Silent and impassive to all the twitches and ripples in the microscopic biofilm of one ordinary planet, in the hundreds of years since Messier noticed this odd feature among the stars–in the thousands filled with death and wars and tears of joy and sorrow since Lucretius did his ancient poolside musings–the photons from its clustered stars continued their long journey outward. Only now do they finally land on my retinas to collapse wave functions and trigger individual rod-shaped cells to launch neurotransmitters down neighboring filaments of cell-strings along my optic nerves.

In my brain, a little smudge registers. Something’s really up there.

The stars in M52 will keep launching their photons all my life, as they have for 35 million years now. They’ll get lost in the sea of light that covers and warms the daylight half of earth, fall through clear skies over the other half in darkness, and remain ignored almost always, as the earth swings around its own little star a few dozen more times until my eyes no longer see anything at all.

And yet, despite my absence, the earth will stay in its orbit and the photons will stream on.


  1. Does it surprise you to see such ringing words of spirituality as the epigraph to an atheist’s essay?

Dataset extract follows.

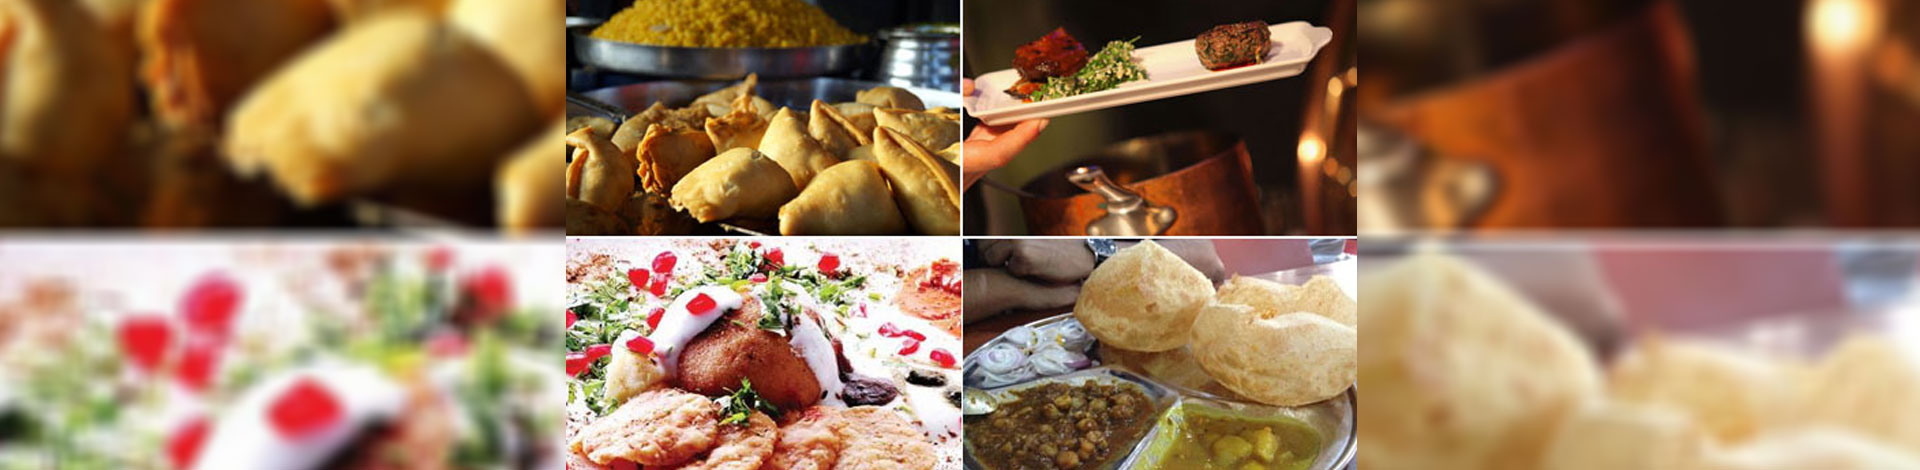 Old-delhi-street-food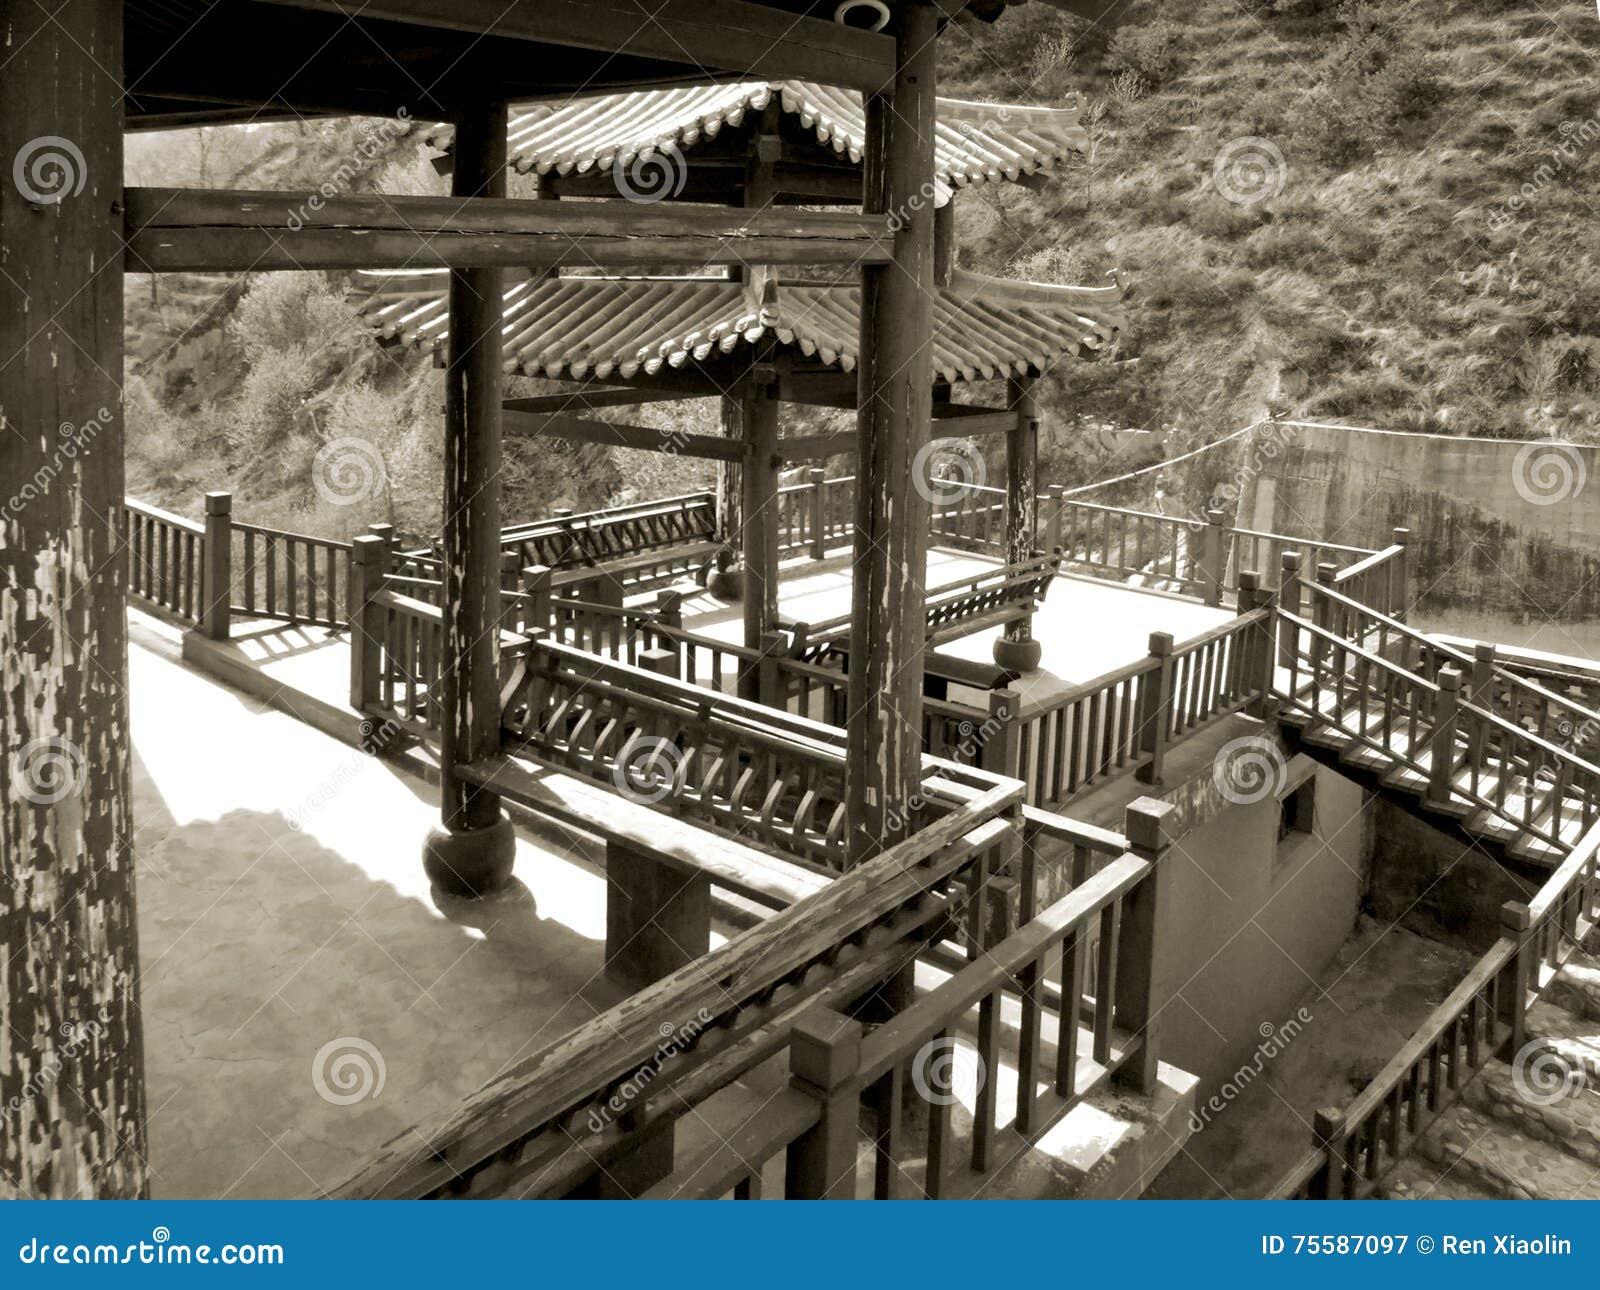 oriental garden stock image. image of architecture, oriental

Such prose retains its profound beauty regardless of one’s disagreements with its message. And even with no God in the picture, I am still happy to call whatever was behind the Big Bang, or the quantum fluctuation that unleashed the Big Bang, or whatever was behind that, a “power that is unfathomably secret,” even holy, filling me with a sort of reverence as I gave upwards at night. 

  2. There’s also some light pollution near the horizon, even out here, miles from the nearest city. I’ve tried to de-emphasize it with reduced yellow and green luminance. 


  4. Because “this cluster is in the plane of the Milky Way,” our available “methods of determining distance are too uncertain,” some yielding estimates “as small as 3,000 light years, while others are as large as 7,000” (Ethan Siegel, “Messier Monday: A Star Cluster on the Bubble, M52,” ScienceBlogs

  5. Lucretius, Book IV, line 191. From On the Nature of the Universe, Ronald Melville, trans. (Oxford University Press). 

  6. Book IV, lines 295-99. 

  7. It’s not exactly the same time, of course, something I remain well aware of as an electrical engineer with a radio background. Indeed, engineers rely on the known and limited speed of light to do antenna design with all of its resonant and carefully spaced conductive elements. Quarter-wavelength spacings abound. 

  8. Book IV, lines 210-17. 

  9. “How Many Stars Are There In the Universe?”, European Space Agency. I’ve seen another dim smudge out there in the night sky from the nearest of those other galaxies, Andromeda. Its photons took millions of years to reach me instead of thousands.